HKUST-NLP 团队的 "contact us, we are happy to help" 政策也是 4 个 bench 中最 open 的。社区 inertia 在 ramping。

MCPMark — "快速回归测试"的实用主义首选

5 分钟启动 + 127 task + pass^k 完善 — 工程友好度最高。DeepSeek V3.2 技术报告引用给了它"开源模型同行采用"的标签,这是它和 Atlas 的差异化武器。但没有 RL gym 配套 + 无 frontier model card 引用,定位长期会是"practical companion"而非"primary benchmark"。

MCP-Universe — 学术风格的综合 baseline, 但被 Atlas 抢走了"frontier 引用"位

规模虽不及 Atlas (231 vs 1000) 也不及 Toolathlon (11 server vs 32 app),但领域覆盖最像传统 benchmark(location nav / repo / financial / 3D / browser / web search 6 domain)+ 完整 agent SDK + dashboard,适合 paper 的 multi-domain ablation。新版本支持运行 MCPMark task(README "MCP-Universe now supports evaluating the MCPMark tasks") — 这是好事,但也暗示它在向"meta framework"转,不再坚持"自己是 the benchmark"。

我对未来 6-12 个月的预测

Atlas 继续被 frontier 引用,但 Scale AI 必须在 2026 下半年开放某种 self-submit (例如"community-experiments" repo 模式),否则学术界会逐渐转向 Toolathlon。
Toolathlon-Gym 在第一篇用它训出来的论文(预计 2026 Q3)发出来后会暴涨。这是当前最被低估的 RL training asset。
MCPMark 因为 DeepSeek 引用 + Qwen team 提及,会被中国开源 lab 大量用作主报告;但 frontier 仍不太可能采用。
MCP-Universe 可能逐渐变成"framework provider"而不是"benchmark"。它的 framework 价值(MCP+ context mgmt, W&D research agent)会盖过 benchmark 本身。
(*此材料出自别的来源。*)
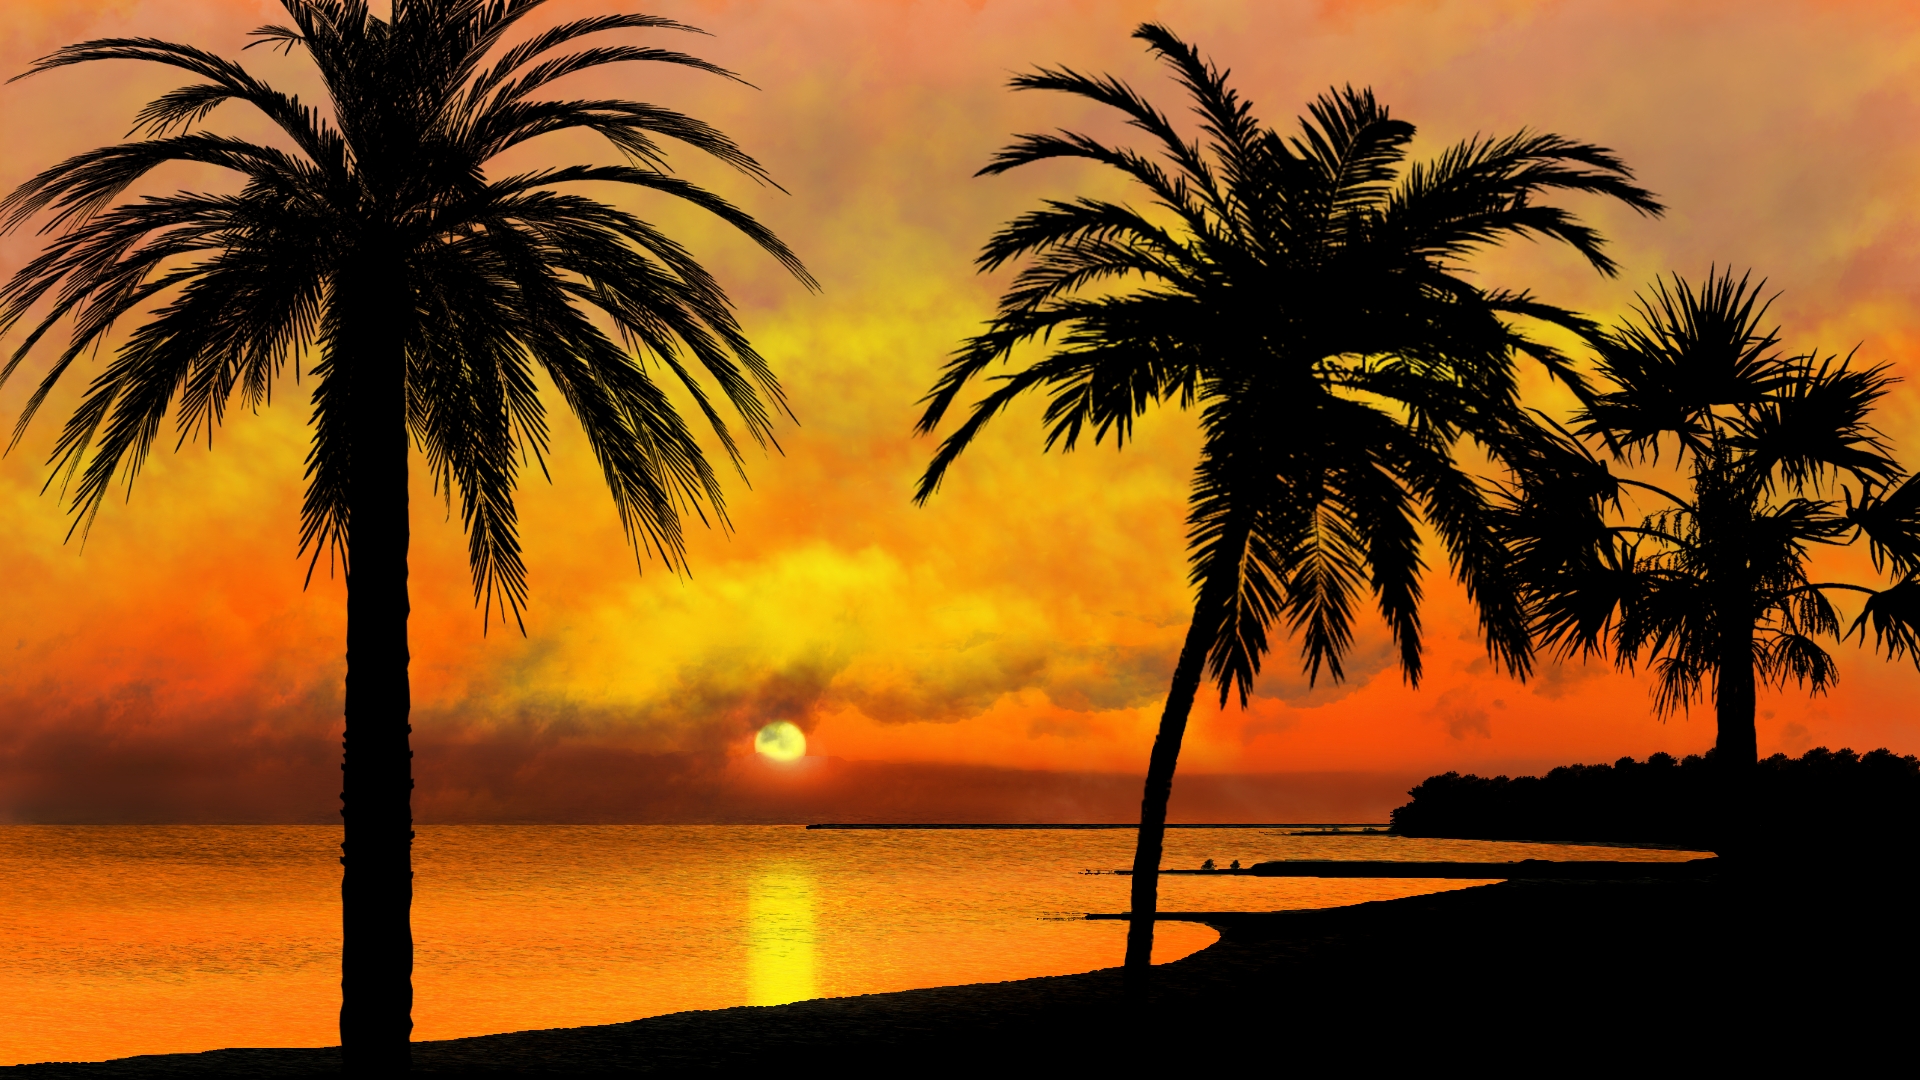 General 1920x1080 digital art nature landscape beach tropical sunset sunset glow palm trees sky clouds Sun water silhouette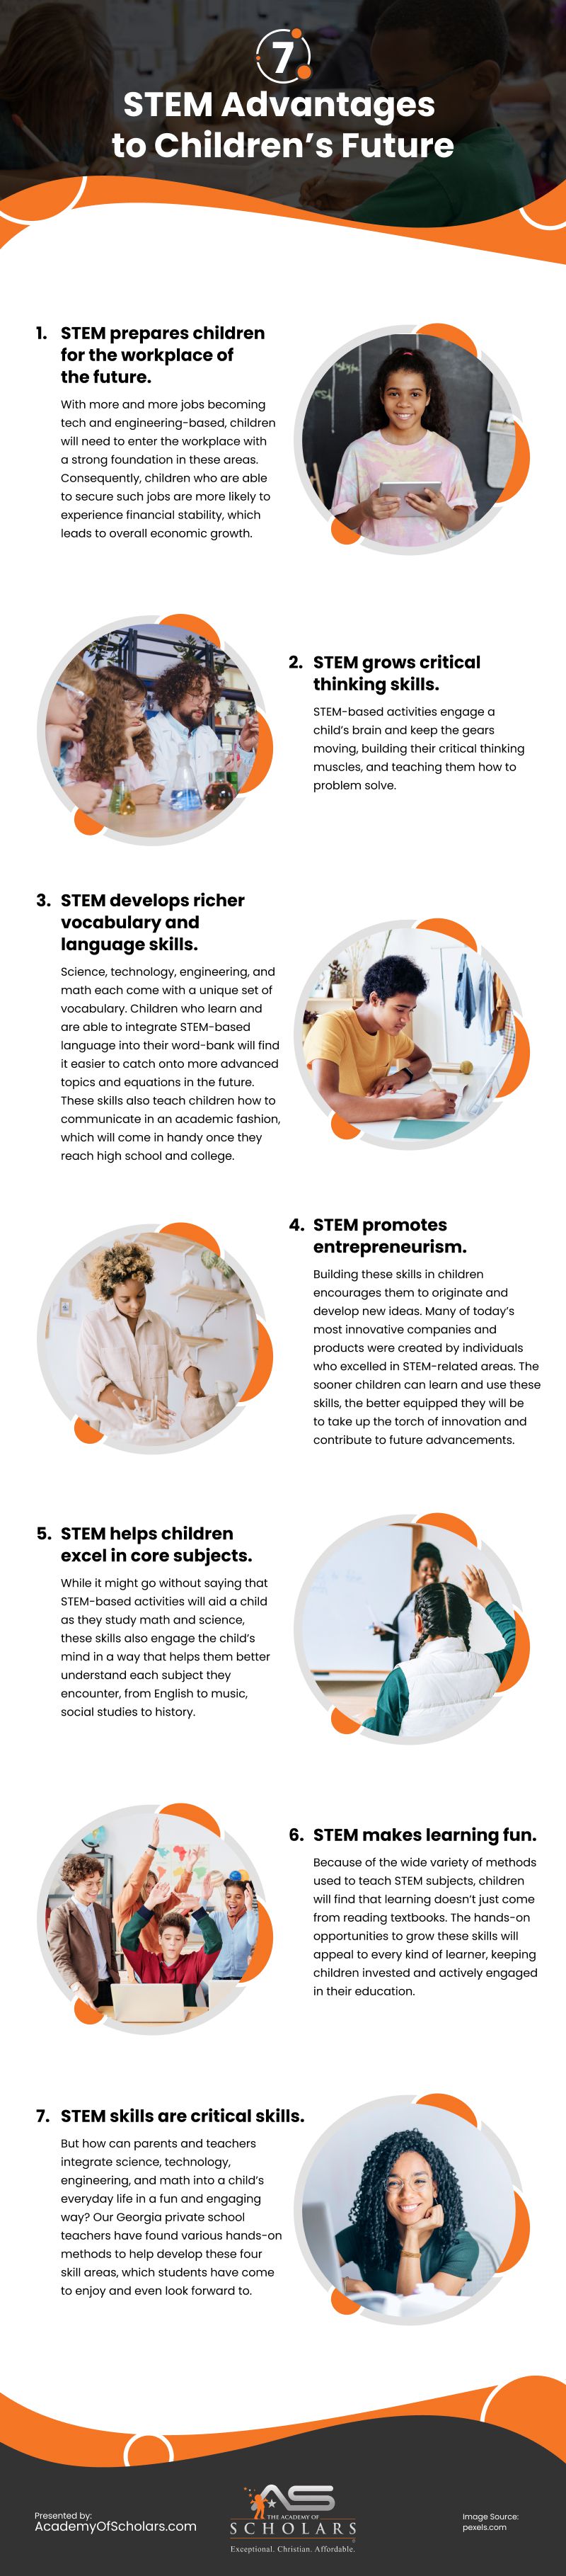 7 STEM Advantages to Children’s Future Infographic

对你(用户)的具体建议: 既然你之前已经精读了 #19 MCP-Atlas, 下一步应该精读 Toolathlon 主论文 (2510.25726) + Toolathlon-Gym 工程文档。这两者组合是 2026 年训练 MCP tool-use agent 的最优起点;Atlas 和 Universe 当评测刻度即可,不必投入实现成本。

数据快照: 2026-05-15 · GitHub API · arXiv · 各官方 leaderboard · Anthropic Opus 4.7 launch post · Google DeepMind Gemini 3.1 Pro model card · 第三方 GPT-5.5 报告(OpenAI 主页 403 抓不到)
本文是调研笔记而非精读;关于 MCP-Atlas 的深入精读见 #19。